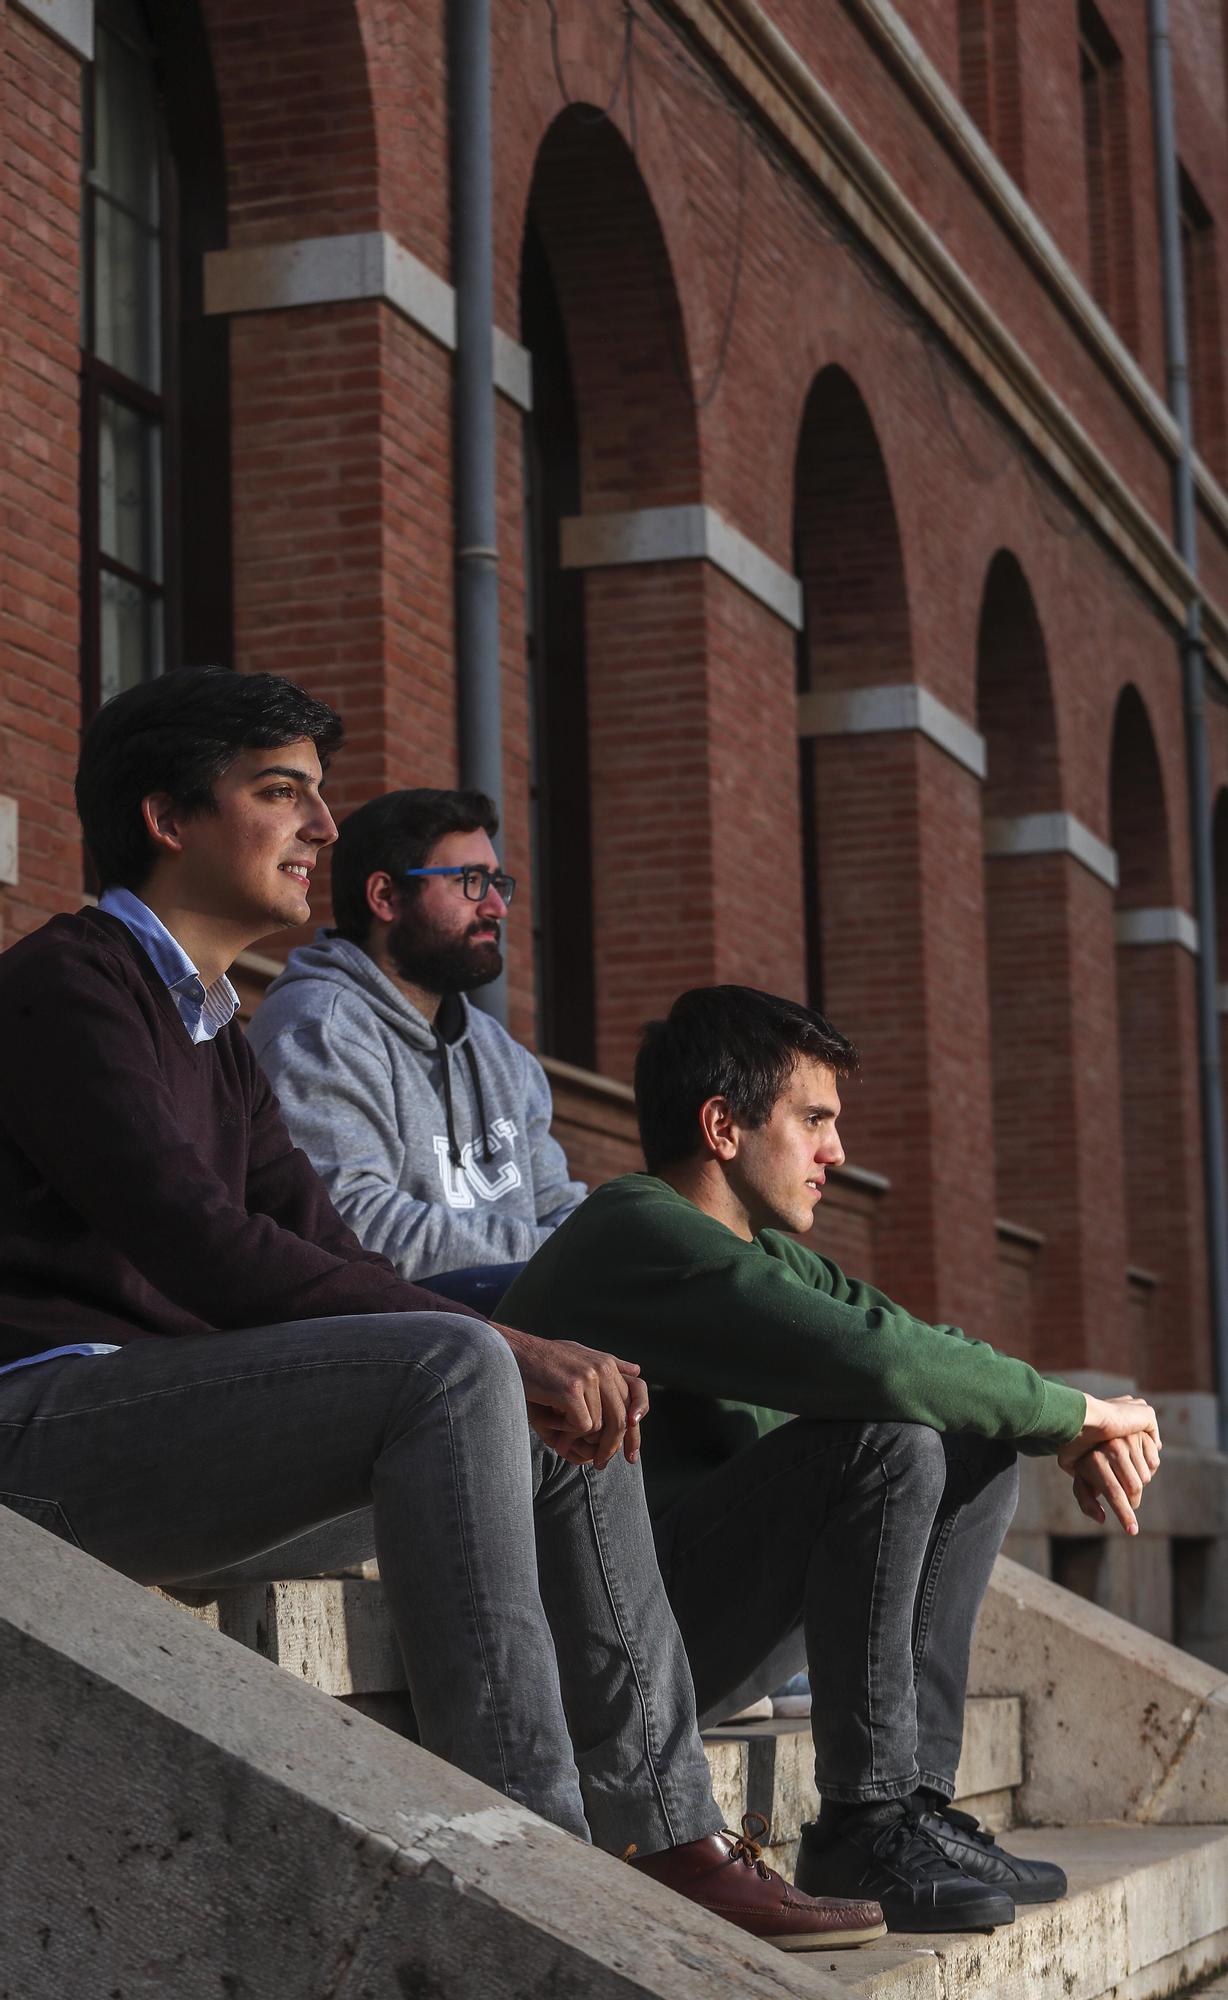 Luis González, Bruno Jiménez y David Rojas, tres seminaristas valencianos
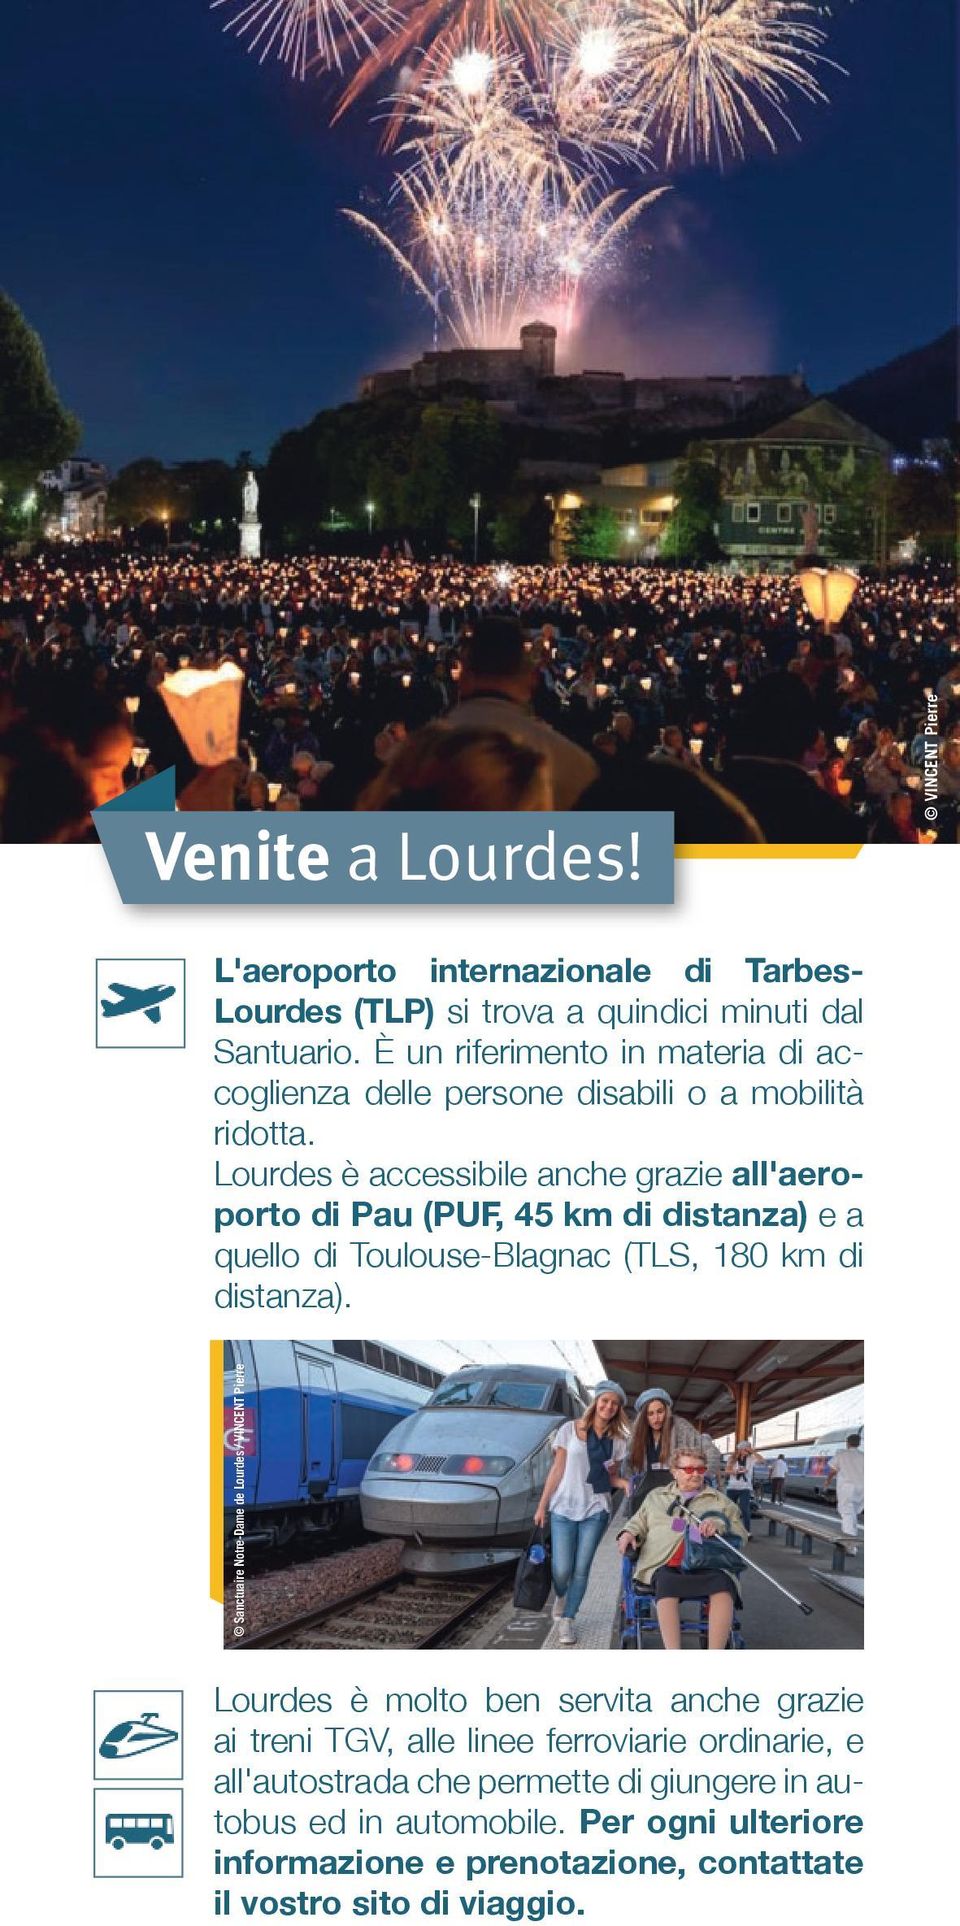 Lourdes è accessibile anche grazie all'aeroporto di Pau (PUF, 45 km di distanza) e a quello di Toulouse-Blagnac (TLS, 180 km di distanza).
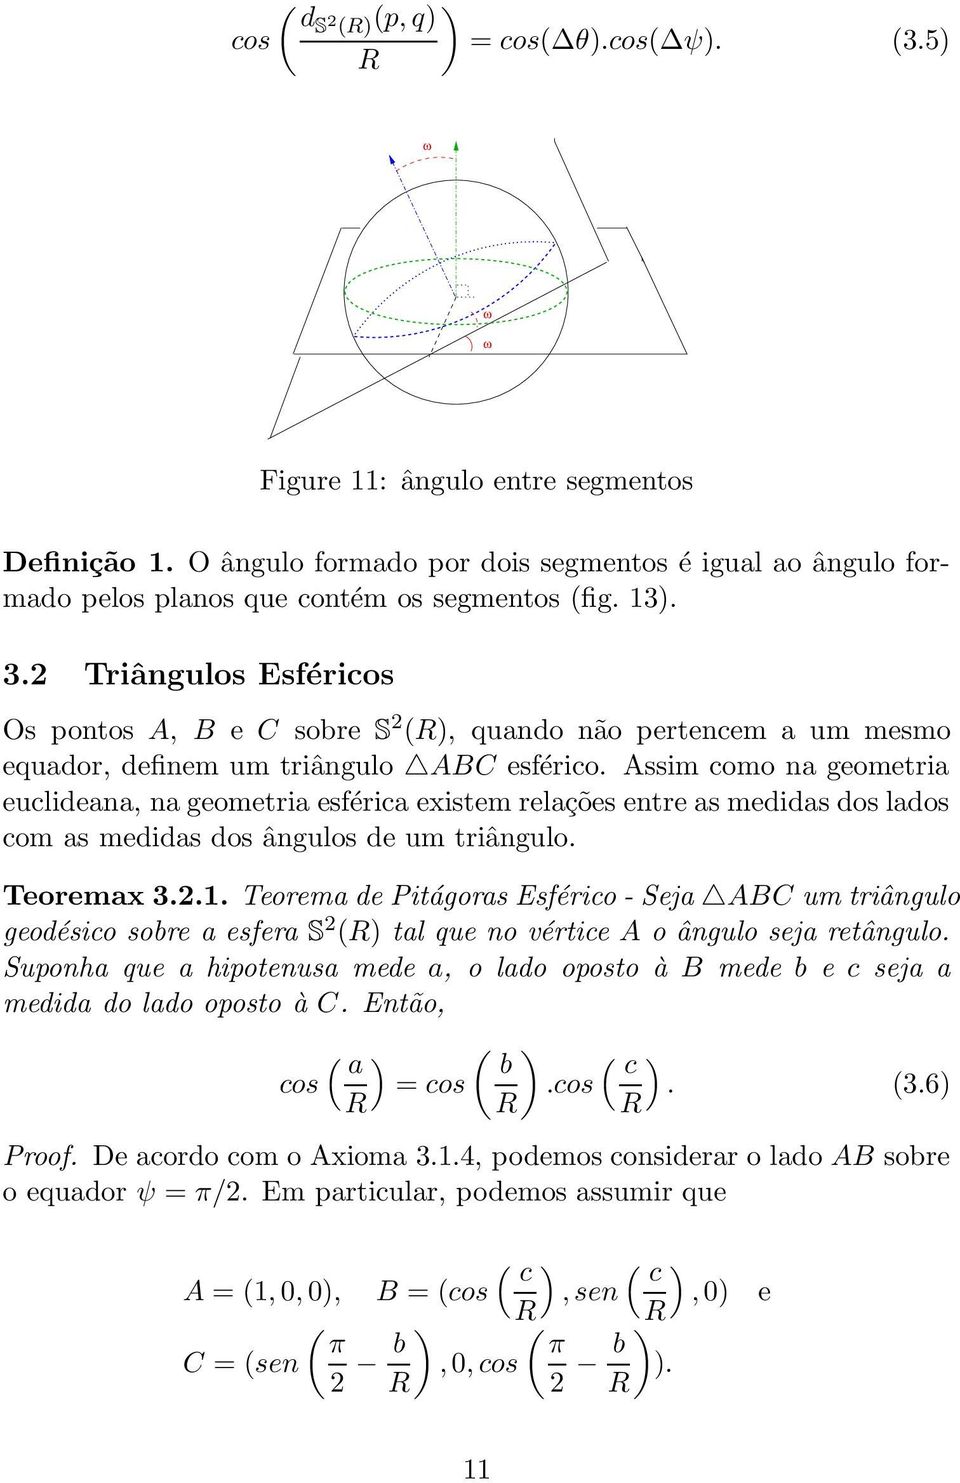 Teorem de Pitágors Esfério - Sej ABC um triângulo geodésio sore esfer S 2 tl que no vértie A o ângulo sej retângulo. Suponh que hipotenus mede, o ldo oposto à B mede e sej medid do ldo oposto à C.
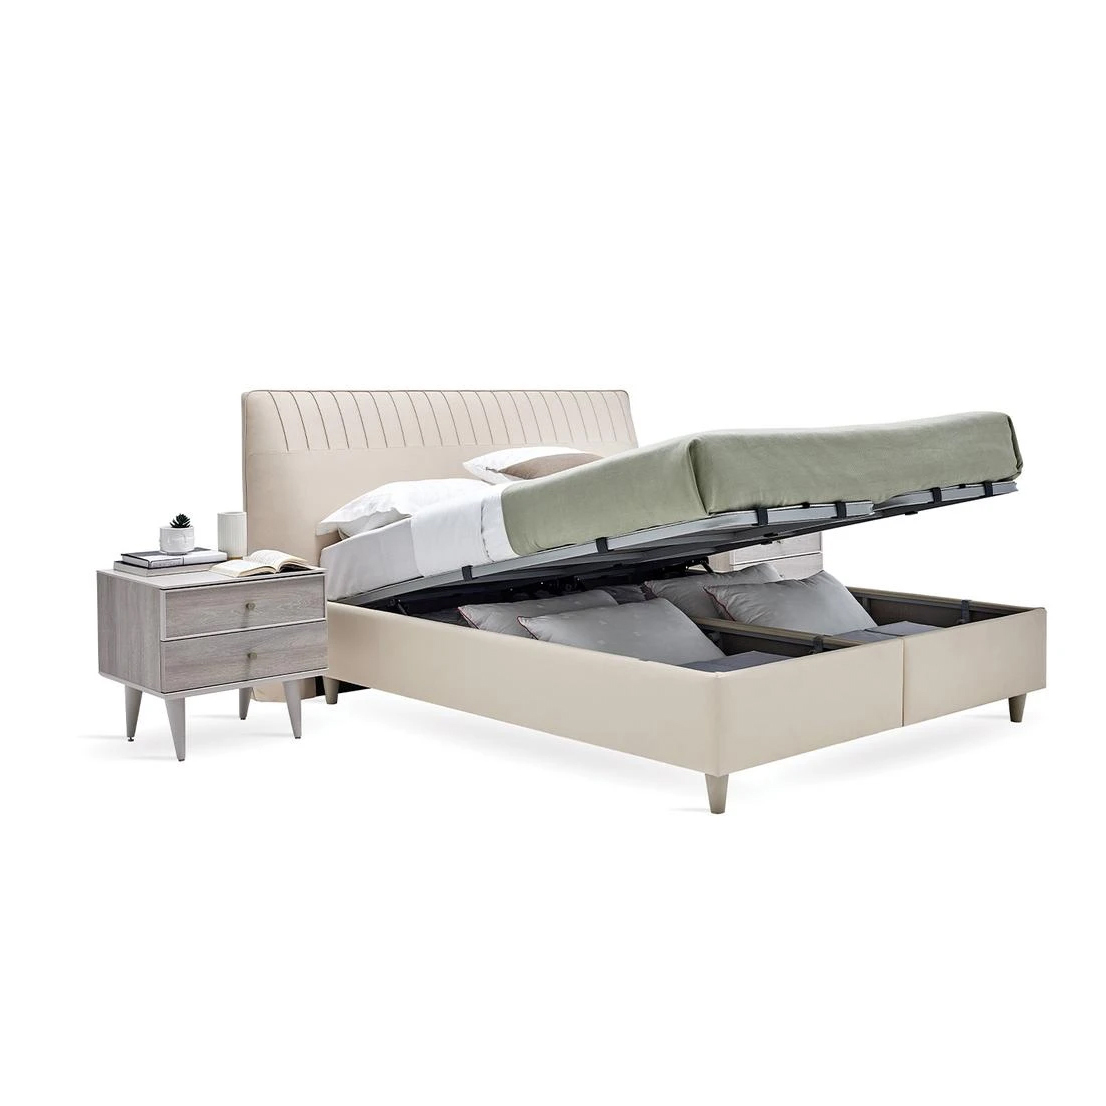 Кровать Enza Home Basel, 180х200 см, с подъемным механизмом, кремовый 3001-K1-52102 (EH59536+EH59555)EH59536+EH59555
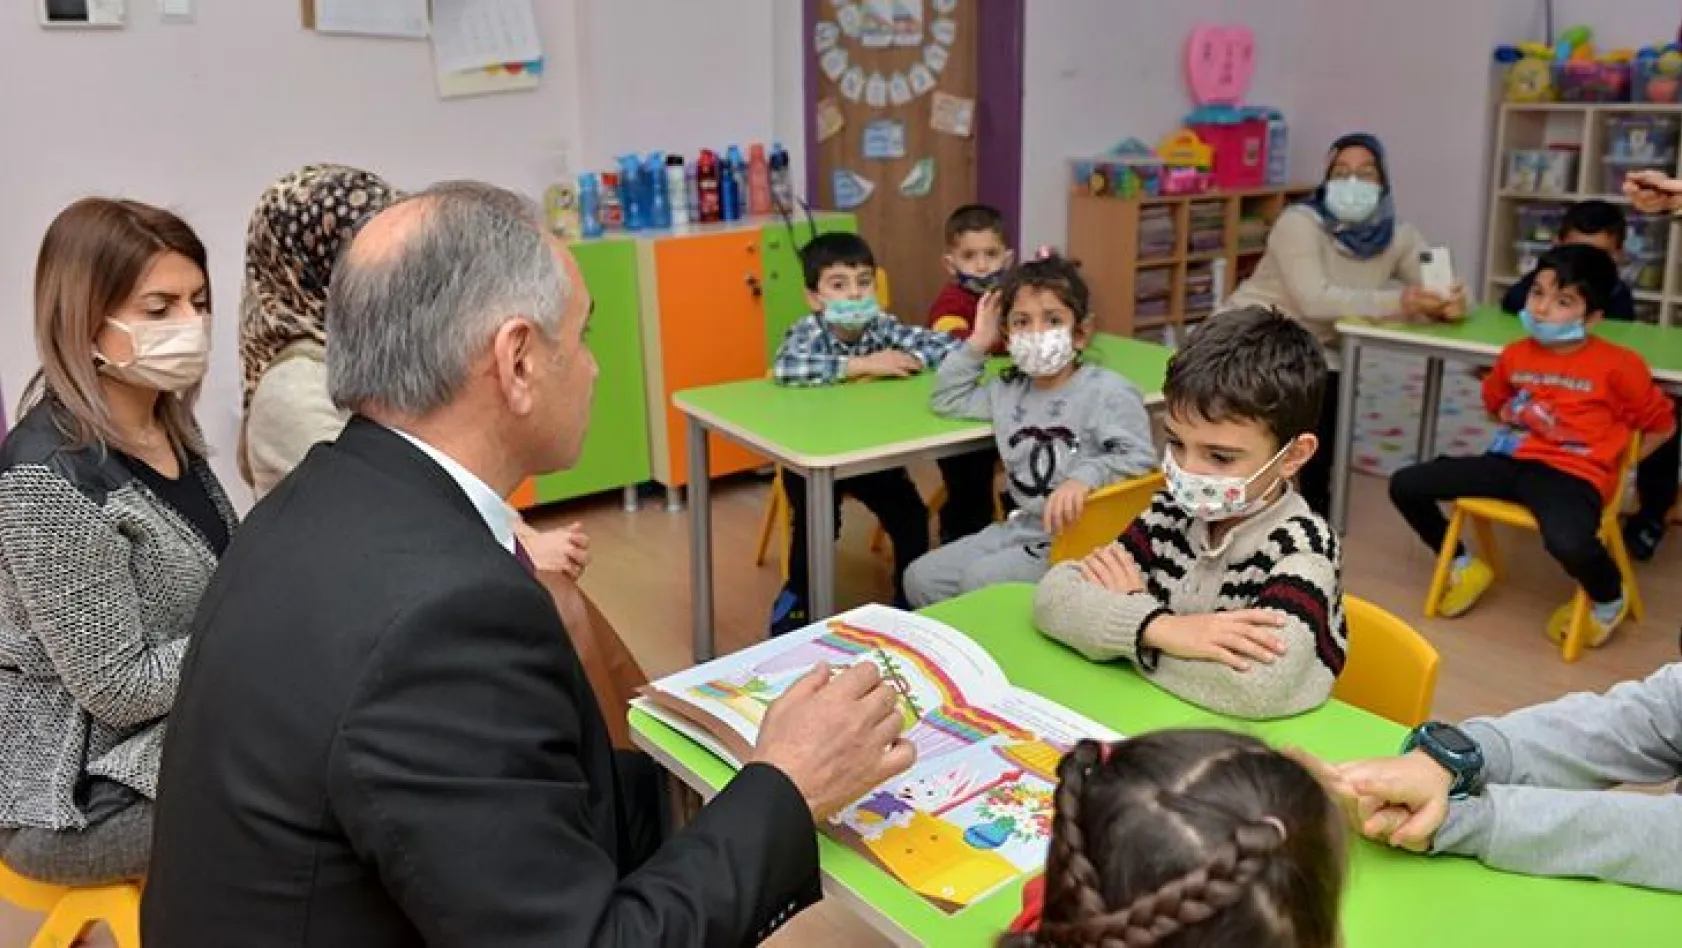 Milli Eğitim Müdürü Gürtürk, öğrencilere masal okudu

= What the exercise asks =
The expected output is each record, copied exactly, and nothing in place of the pictures.

= Result of this exercise =
 Luis González, Bruno Jiménez y David Rojas, tres seminaristas valencianos
 Lourdes è accessibile anche grazie all'aeroporto di Pau (PUF, 45 km di distanza) e a quello di Toulouse-Blagnac (TLS, 180 km di distanza).
 Teorem de Pitágors Esfério - Sej ABC um triângulo geodésio sore esfer S 2 tl que no vértie A o ângulo sej retângulo. Suponh que hipotenus mede, o ldo oposto à B mede e sej medid do ldo oposto à C.
 Кровать Enza Home Basel, 180х200 см, с подъемным механизмом, кремовый 3001-K1-52102 (EH59536+EH59555)EH59536+EH59555
 Milli Eğitim Müdürü Gürtürk, öğrencilere masal okudu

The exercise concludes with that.